Here are some other financial benefits to consider:
- The funds in these policies grow on a tax-deferred basis.
- The policy remains in force as long as premiums are paid.
- The cash value can be borrowed against, without taxes or penalties.
- You can make withdrawals from the cash value in a financial emergency.
Here’s how different kinds of permanent life insurance can help you meet your investment goals:
1. Whole Life Insurance
When you invest in a whole life policy, the plan accumulates a cash value from the premium payments you make. You also enjoy the security of guaranteed death benefits for your family if you’ve been making premium payments and the policy is active.
Here are some other benefits to take into account when you’re considering whole life insurance as an investment tool:
- The cash value acts as a savings vehicle where your funds can grow on a tax-deferred basis.
- Cash value growth is guaranteed, based on a minimum rate that’s fixed at the time you buy the policy.
- With a positive rate of return over the long term, the cash value can grow higher than the total premiums you’ve invested.
- You receive income in the form of dividends, which increases as the cash value in the policy grows over time.
- Dividends can be used to pay part of the next premium, invested in additional insurance, or even paid out to you at regular intervals.

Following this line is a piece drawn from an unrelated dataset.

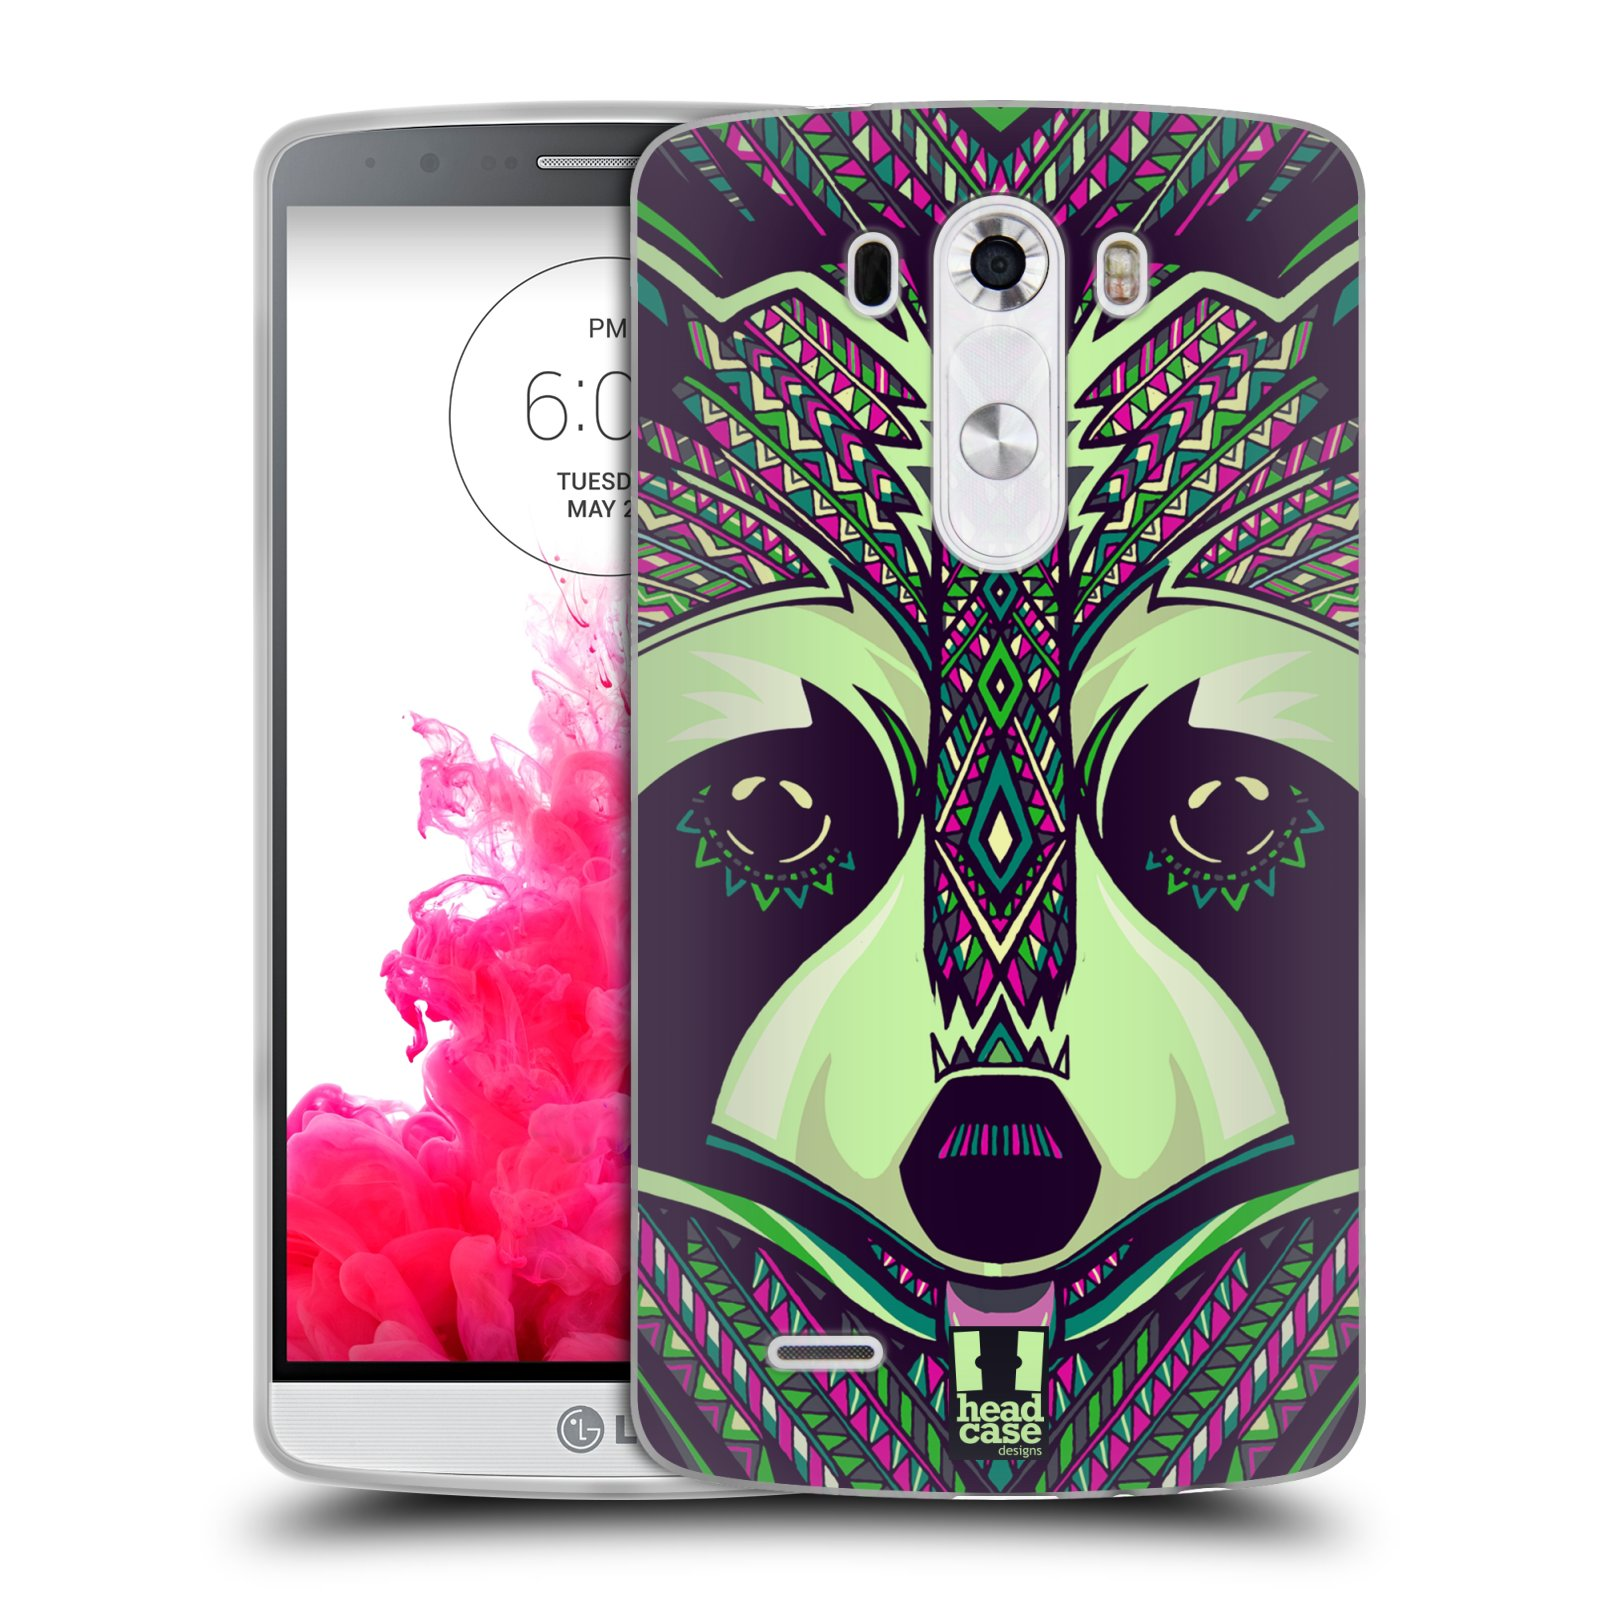 Silikonové pouzdro na mobil LG G3 HEAD CASE AZTEC MÝVAL (Silikonový kryt či obal na mobilní telefon LG G3 D855)

2. Universal Life Insurance
Universal life plans are very similar to whole life insurance, with a minimum rate of return and tax-deferred growth. The interest can also be higher based on market performance and standard interest rates. However, the difference is that it can be funded with flexible premiums instead of fixed ones.When you’re using universal life insurance as an investment, the trick is to invest more than the cost of your insurance into the policy. Here’s why:
- The excess funds will continue to accumulate as part of the policy’s cash value, but earn interest based on current rates.
- The growth of the cash value is tax-deferred, effectively offering you a higher rate of return on your investment if you’re in a higher tax bracket.
- Withdrawals from (and loans taken against) the policy are tax-free, so you can invest these funds as you like (leaving enough behind for the cash value to keep growing).
3. Variable Life Insurance
This type of insurance is very similar to universal life insurance, since the premiums are flexible rather than being fixed. These are invested in different financial vehicles, and returns are dependent on the performance of those funds.
The returns from these plans can be as high as other investment accounts, especially when the funds they are linked to perform well in the market. In addition, returns are tax-deferred, so they can also provide an effectively higher net gain than other investments.
Understanding how life insurance works is an essential part of maximizing the benefits you get from your investment. Take the time to explore your options before you decide!